As a Congressman, his major aim was to democratise and broaden the base of the party. He was aware of the limitations of the early Congress with its membership mainly confined to the urban-based successful lawyers. he was equally critical of the terrorists for he regarded them as cowards in general. He also observed that terrorism led to an increase in repression by the government resulting in the general breakdown of the national movement.
In 1906, Pal and Aurobindo proposed Tilak’s name for the post of the Congress Presidency. The Tilak-Pal alliance not only generated considerable alarm among the British but also the Congress leadership. This assessment led him to quit Vande Mataram, which he rejoined after the arrest of Aurobindo in 1908. Though he was opposed to terrorism he refused to be a witness against Aurobindo in the latter’s trial for his writings against the Raj.
Pal’s major emphasis in this extremist phase was the attainment of Swaraj by open and lawful methods. His efforts were to emphasise self-help and self-organisation. Distancing himself completely from any terrorist activity, he remarked that bombs and assassinations did not have any place in the programme and that “both our instinct and our wisdom equally rebel against these outlandish methods of political warfare”.
In the wake of the disarray of the extremists after the Surat Congress in 1907 mainly because of governmental repression and Tilak’s arrest, Pal was forced to go abroad. The revolutionaries in Europe expected the support of Pal but he continued to oppose their activities as he did in India.
During his stay in England there was a sea change in his outlook for he totally moved away from his extremist phase. Instead of total independence, he contemplated an association of free nations as a federal ideal. Pal returned to India in 1911 and participated in the home rule movement led by Tilak and Annie Besant. In 1918 along with Tilak he participated in the International Home Rule Conference in England.
The next phase in Pal revealed his severe criticism of Gandhiji’s philosophy and practice of non-violent non- cooperation. He considered Gandhian programmes as based on magic rather than logic. He also opposed the Khilafat and cautioned against the ill effects of pan Islamism.
Pal suffered a defeat when his amendment was rejected at the special session of the Congress in Kolkata in September 1920 and when Gandhiji emerged as the undisputed leader of the Congress and secured overwhelming support for his resolution for launching the non-cooperation movement. Pal contended that the action plan for non-cooperation be deferred and the time gained could be used for sending a delegation to England to meet the British Prime Minister to make a last-ditch effort to gain self-government by negotiation and dialogue.
Pal, who never learnt the art of compromise, became “totally isolated and alienated from the mainstream of the national movement”.

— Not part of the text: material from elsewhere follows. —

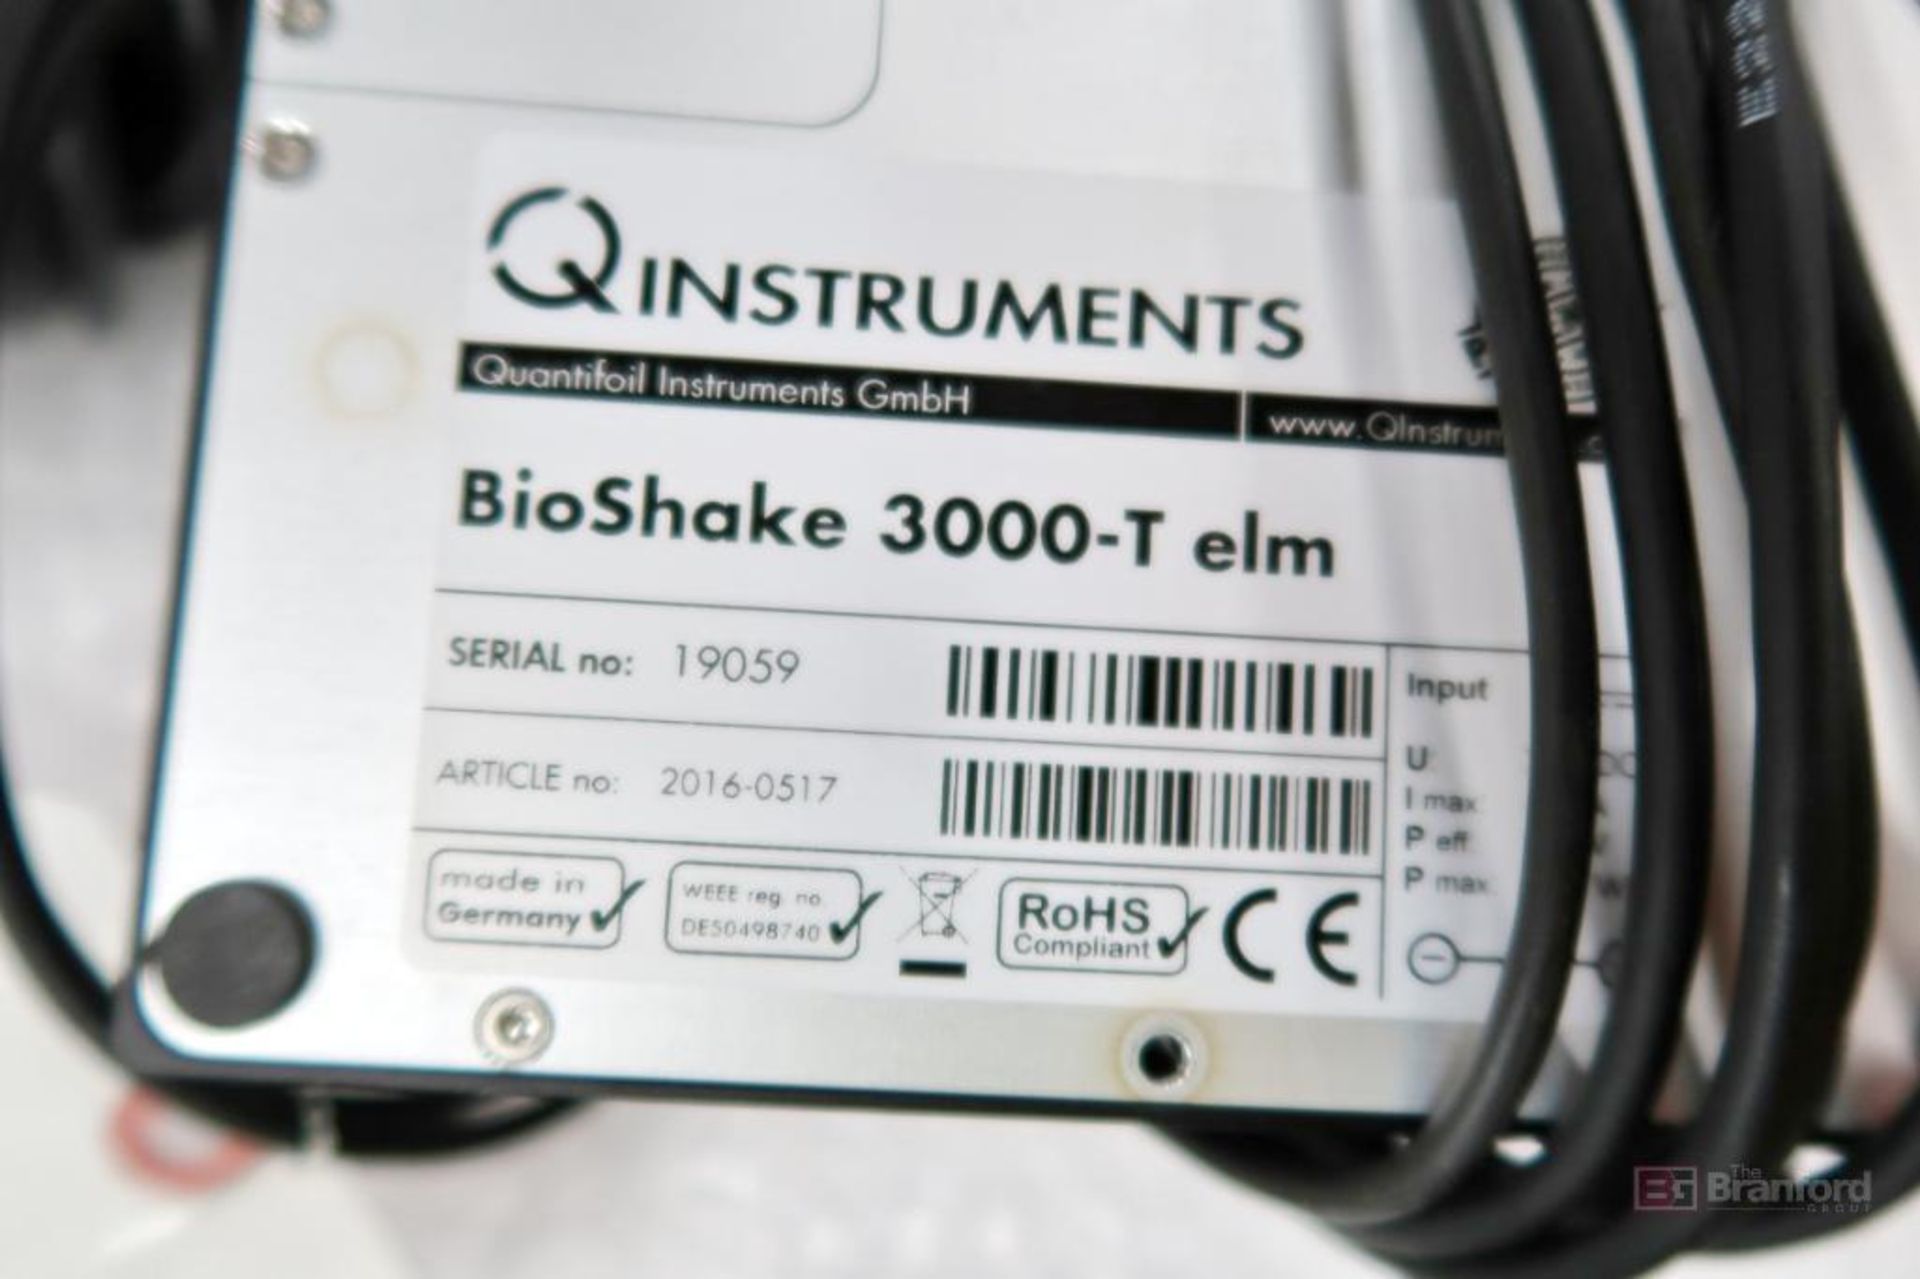 Q Instruments BioShake 3000-T elm Microplate Shaker - Image 2 of 2

Pal made a major contribution in the realm of political theory. He recognised the absence of modern vocabulary in Indian political thought and conceded that words like politics, patriotism, nation and independence were western in origin. Hindu thought was theological in nature and the social system was deformed by the caste system. Unlike the West where the spirit of patriotism was the link between the individual and the state, in India this link was provided by religion.
But Pal was careful to note that no religion was entirely based on renunciation as their major sustenance came from satisfying people’s interests and needs. It is this later urge that led to the establishment of a modern nation. Even in India this was true as evident from the unity of Hindu and Muslim landlords in protecting their common interests towards the end of the Mughal Empire and the Sepoy Mutiny of 1857. As such the stability of a nation is best preserved when all sections of the people find fulfilment of their desires.
In the context of India, Pal pleaded for a composite patriotism which would bridge the gap between the two major communities. Towards this end he insisted on the need to organise an “Akbar festival” along with a “Shivaji festival”.
Pal was no blind worshipper of the West. He characterised the American and European democracies as cruel and thought that the future Indian democracy would be far better than these for it would be based on equality. He felt that imperialism contributed more to unification of humanity than any other association or organisation. This did not mean that he endorsed its cruelties and exploitative mechanisms.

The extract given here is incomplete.